→ EXERCISE INSTRUCTIONS
Your task is to transcribe the data exactly while omitting each picture.

→ DATA EXCERPT

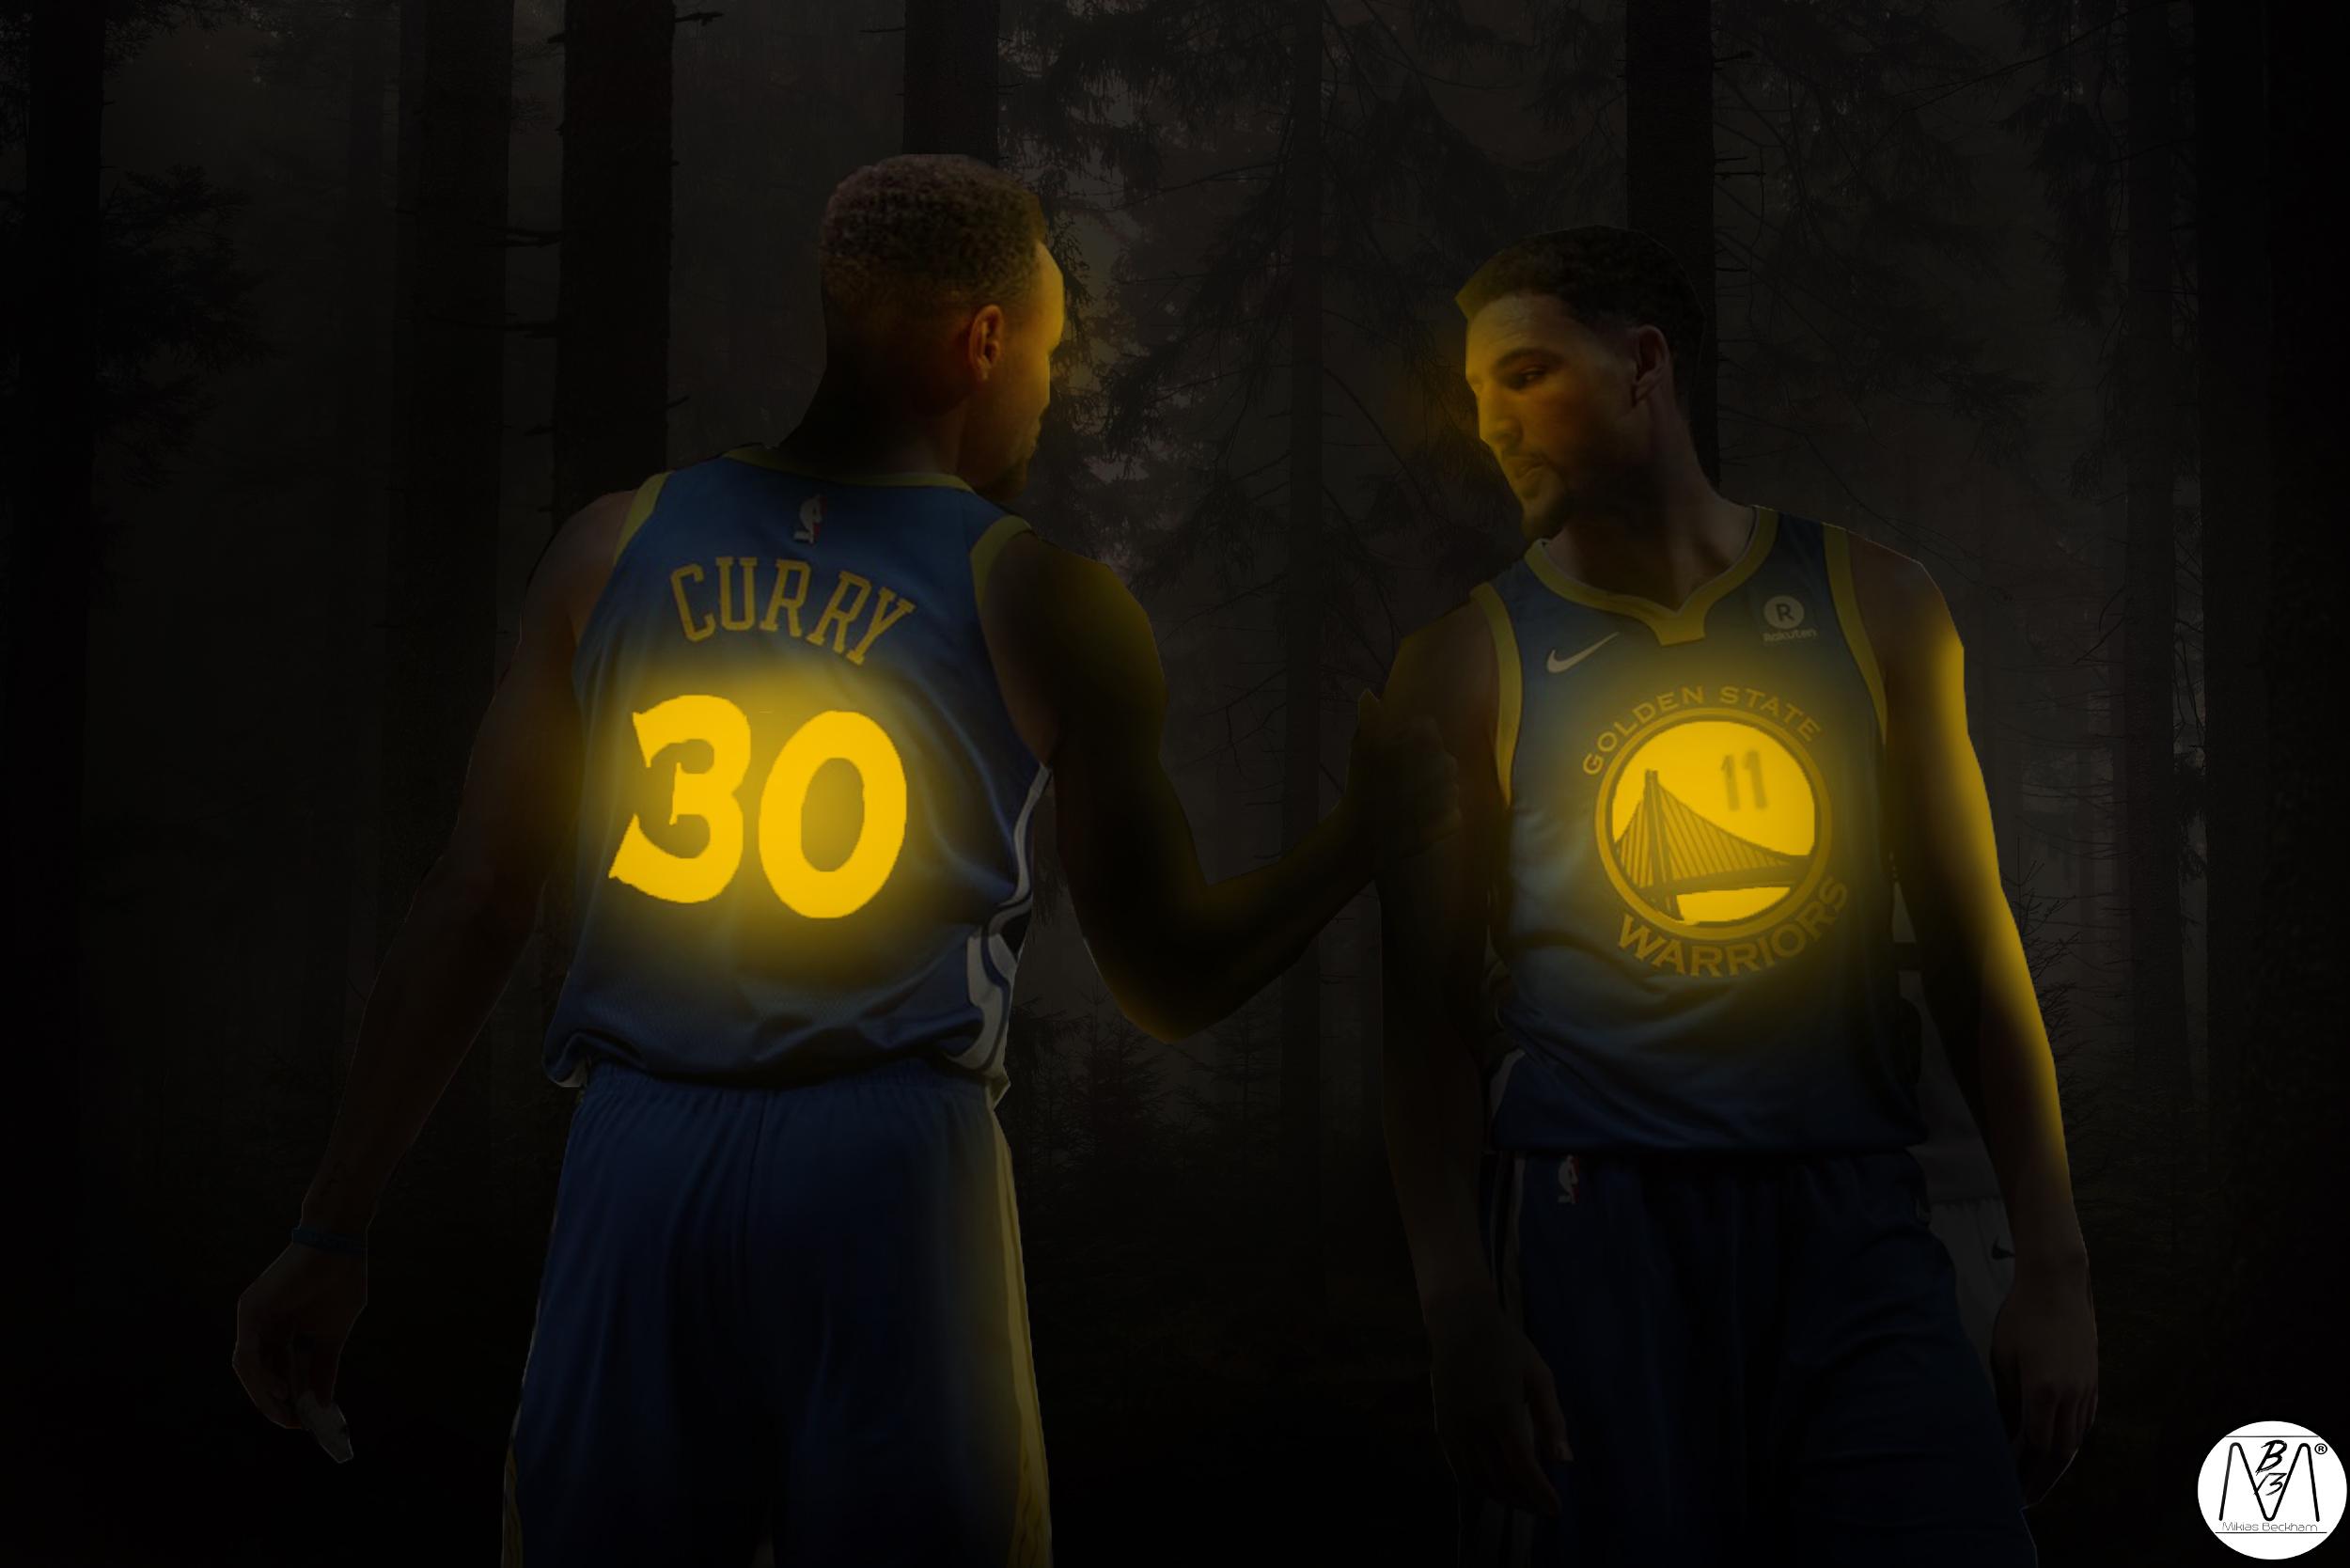 Stephen Curry And Klay Thompson Wallpaper By Mikiasb13
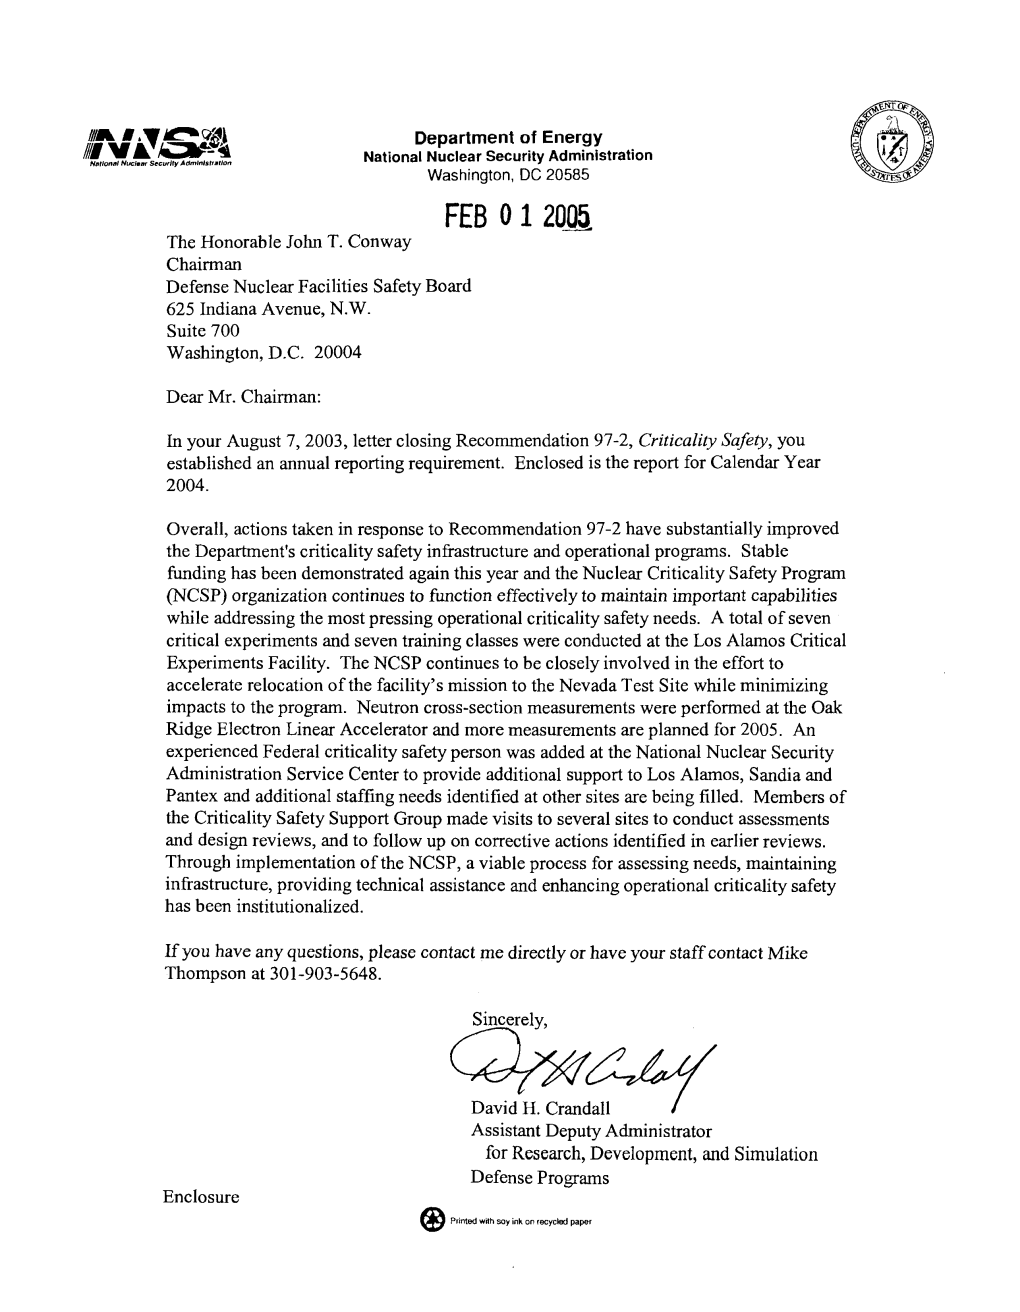 February 1, 2005, Department Letter Forwarding Report on Criticality
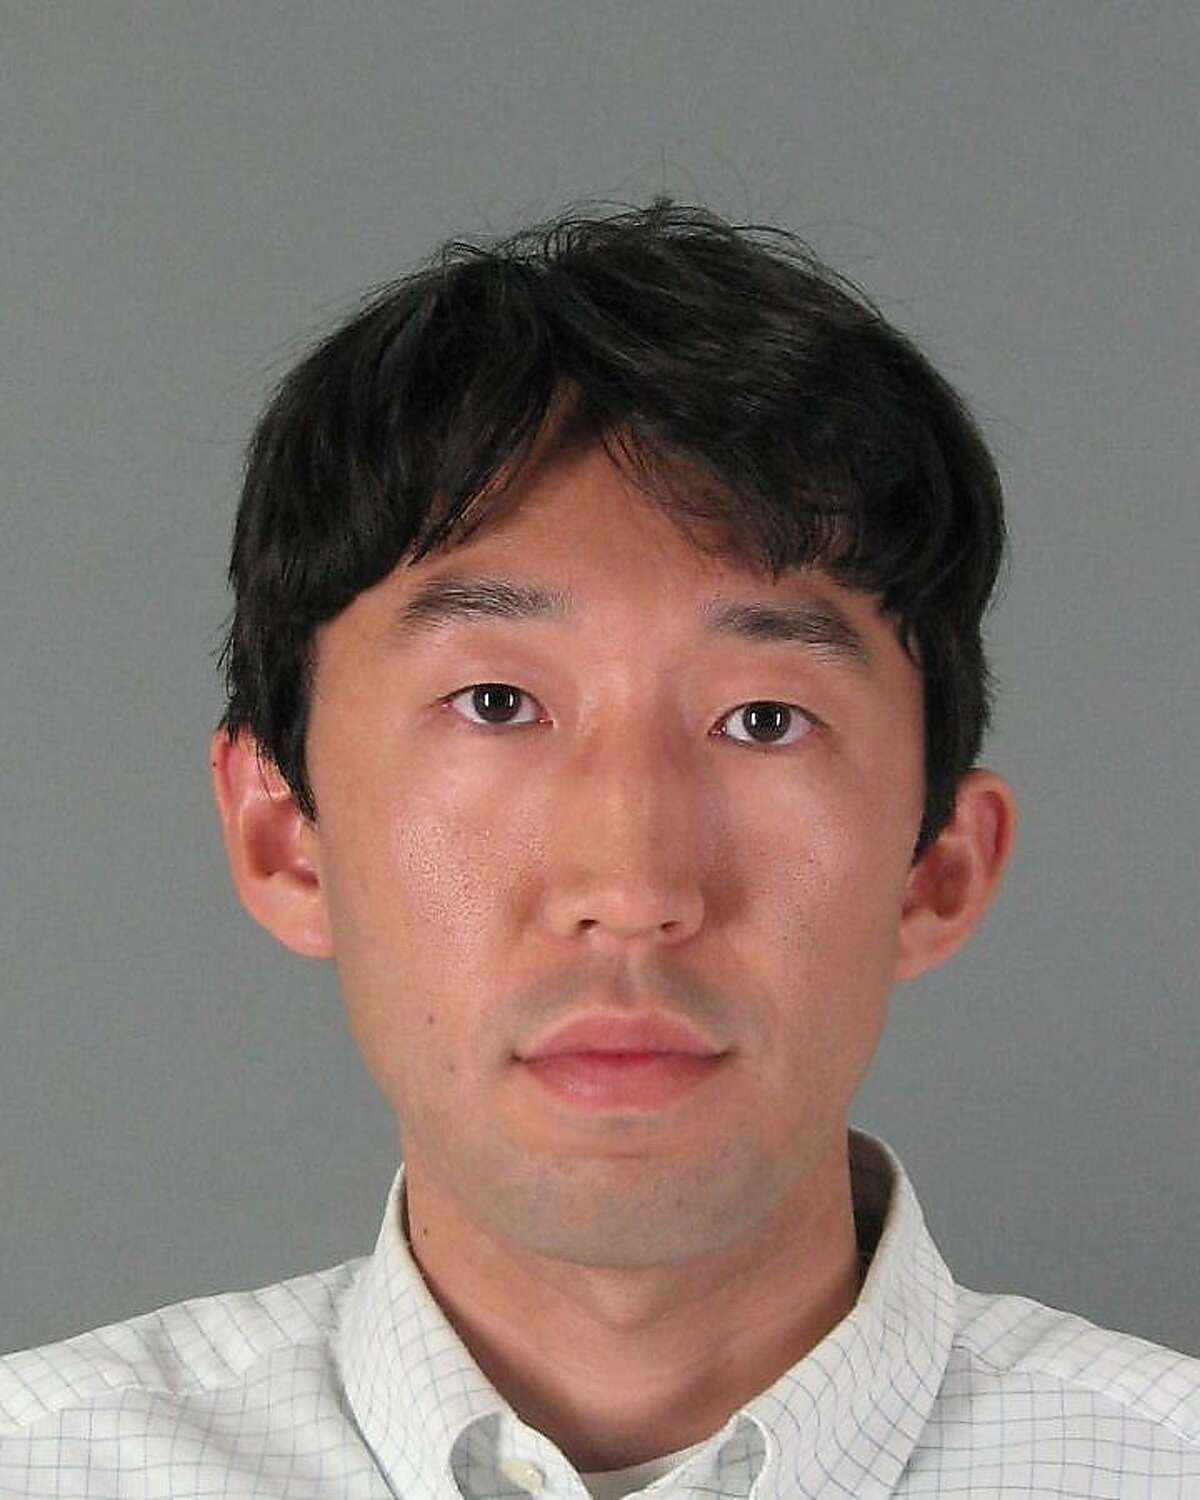 This photo provided by the San Mateo County Sheriff's Office via the San Jose Mercury News shows San Francisco Japanese Vice Consul Yoshiaki Nagaya, a 32-year-old San Bruno resident, facing domestic violence charges in San Mateo County. Nagaya, 33,who serves as vice consul in the Consulate-General of Japan, is facing charges for the alleged abuse of Yuka Nagaya, his wife of about two years. (AP Photo/San Mateo County Sheriff's Office via San Jose Mercury News)
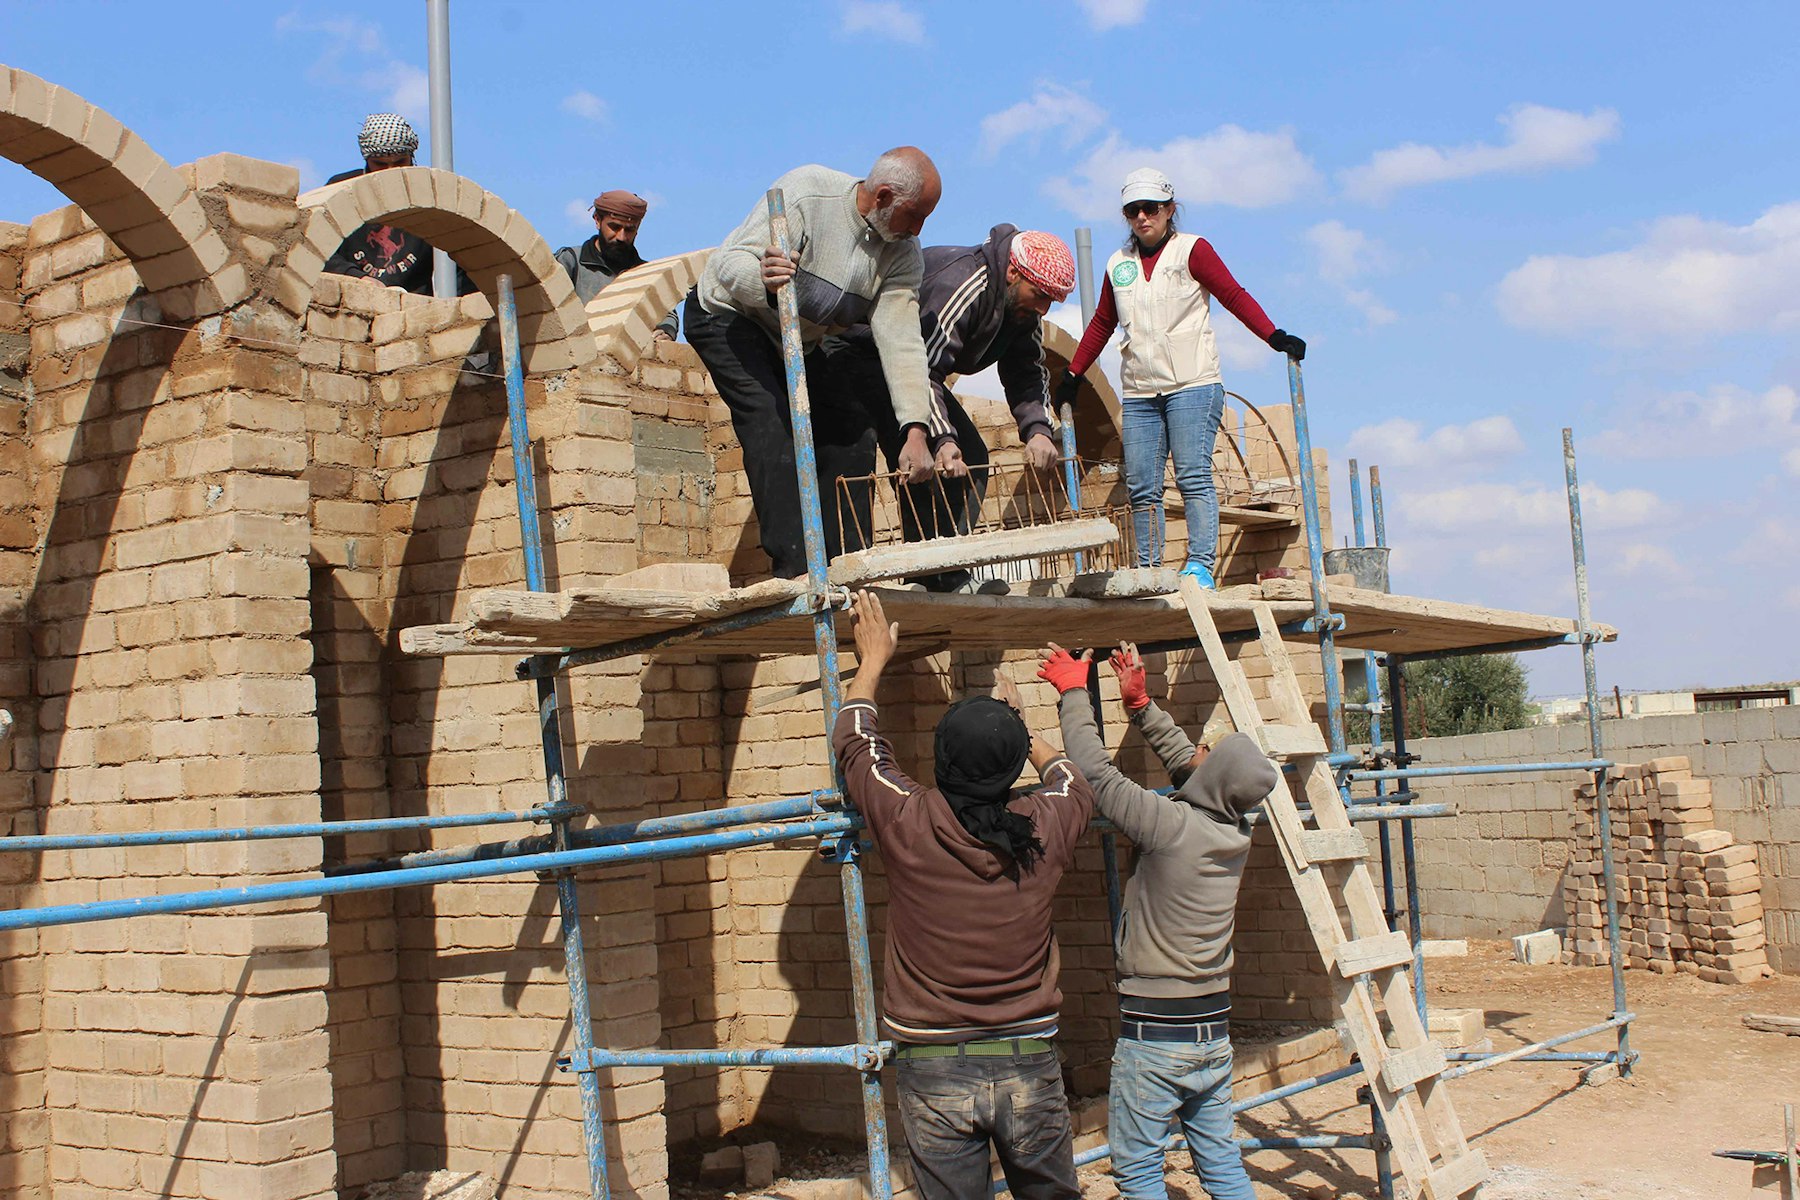 AKAH is introducing low-carbon, earth-based building technologies to provide affordable, sustainable and high-quality housing options in Syria.

→ TASK ANSWER
 Stephen Curry And Klay Thompson Wallpaper By Mikiasb13
 February 1, 2005, Department Letter Forwarding Report on Criticality
 This photo provided by the San Mateo County Sheriff's Office via the San Jose Mercury News shows San Francisco Japanese Vice Consul Yoshiaki Nagaya, a 32-year-old San Bruno resident, facing domestic violence charges in San Mateo County. Nagaya, 33,who serves as vice consul in the Consulate-General of Japan, is facing charges for the alleged abuse of Yuka Nagaya, his wife of about two years. (AP Photo/San Mateo County Sheriff's Office via San Jose Mercury News)
 AKAH is introducing low-carbon, earth-based building technologies to provide affordable, sustainable and high-quality housing options in Syria.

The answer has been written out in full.